Die Zeloten wurden die Führer der jüdischen Gemeinschaft in Palästina und
begannen eine Revolte, die keinerlei Chance auf einen Erfolg hatte. Die
Rebellen wurden besiegt. Jerusalem wurde zerstört, der Tempel brannte bis auf
die Grundmauern nieder.
DIE
BOGIE-Horrorshow hat größere Auswirkungen.
Sie
erzeugt das Bild einer verrückten Gruppe von Extremisten, die den
„moderaten“, Netanyahu, der die
Verantwortung trägt, herausfordern. Dieser signalisiert Obama
und seinen Leuten: Hilfe! Wenn ihr mich weiter unter Druck setzt mit dem
Einfrieren des Siedlungsbaus und dem Auflösen von Außenposten, wird es mein
Ende sein. Ich werde stürzen, und ihr werdet mit den Verrückten verhandeln
müssen!
Dies
wäre überzeugend, wenn Netanyahu sein legales Vorrecht ausgenützt und Ya’alon aus der Regierung entlassen hätte, auch wenn dies
ein politisches Risiko gewesen wäre.
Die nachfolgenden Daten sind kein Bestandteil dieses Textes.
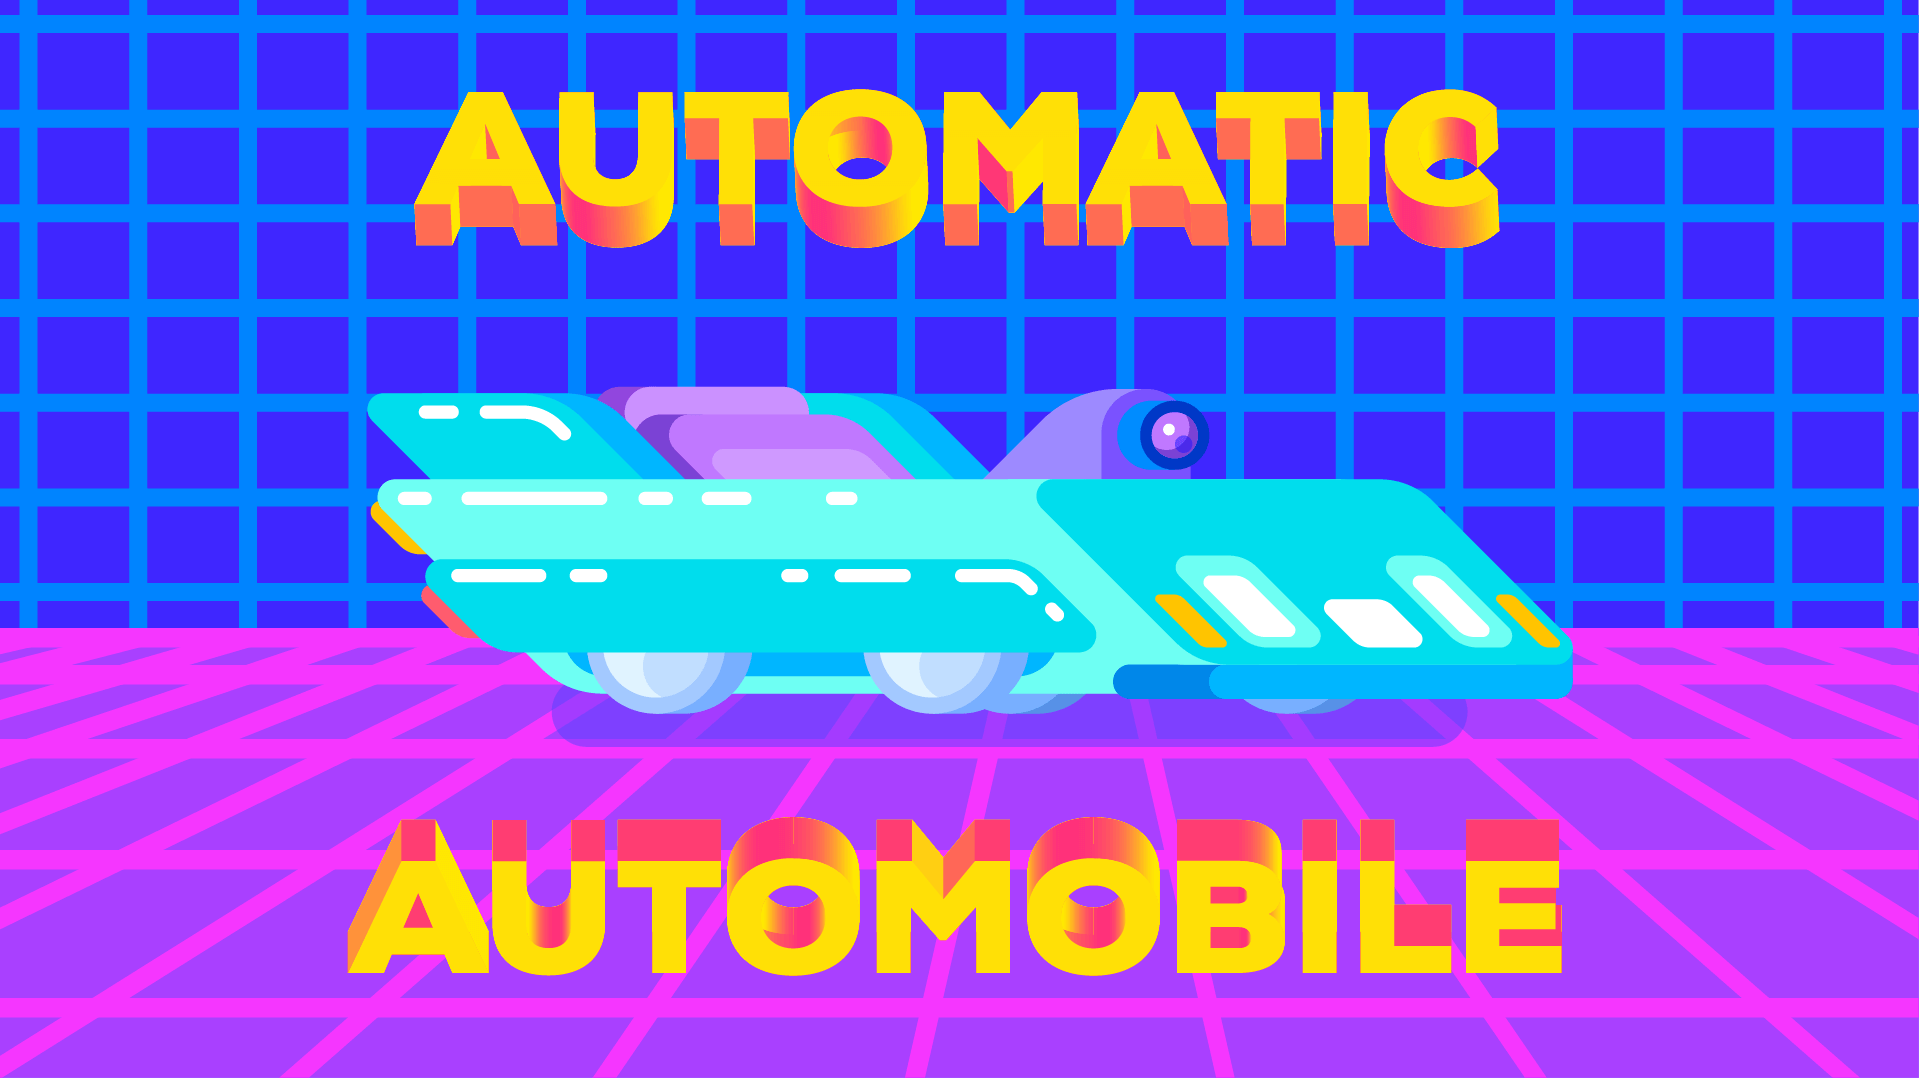 inanutshell-kurzgesagt-Automation-03

Stattdessen zitierte „Bibi“ „Bogie“ wie ein
Schulmeister zu sich, der einen Schüler zitiert und ihn hundertmal schreiben
lässt „Ich werde ein guter Junge sein“. Ya’alon
bleibt also Vizeministerpräsident, Minister für strategische Angelegenheiten
und einer der regierenden sechs Minister
(die anderen sind Avigdor Lieberman, Benny Begin, Eli
Yishai, Dan Meridor und
Netanyahu selbst.)
Da
dies so ist, muss Netanyahu für alles, was Ya’alon
tut und sagt, die Verantwortung übernehmen.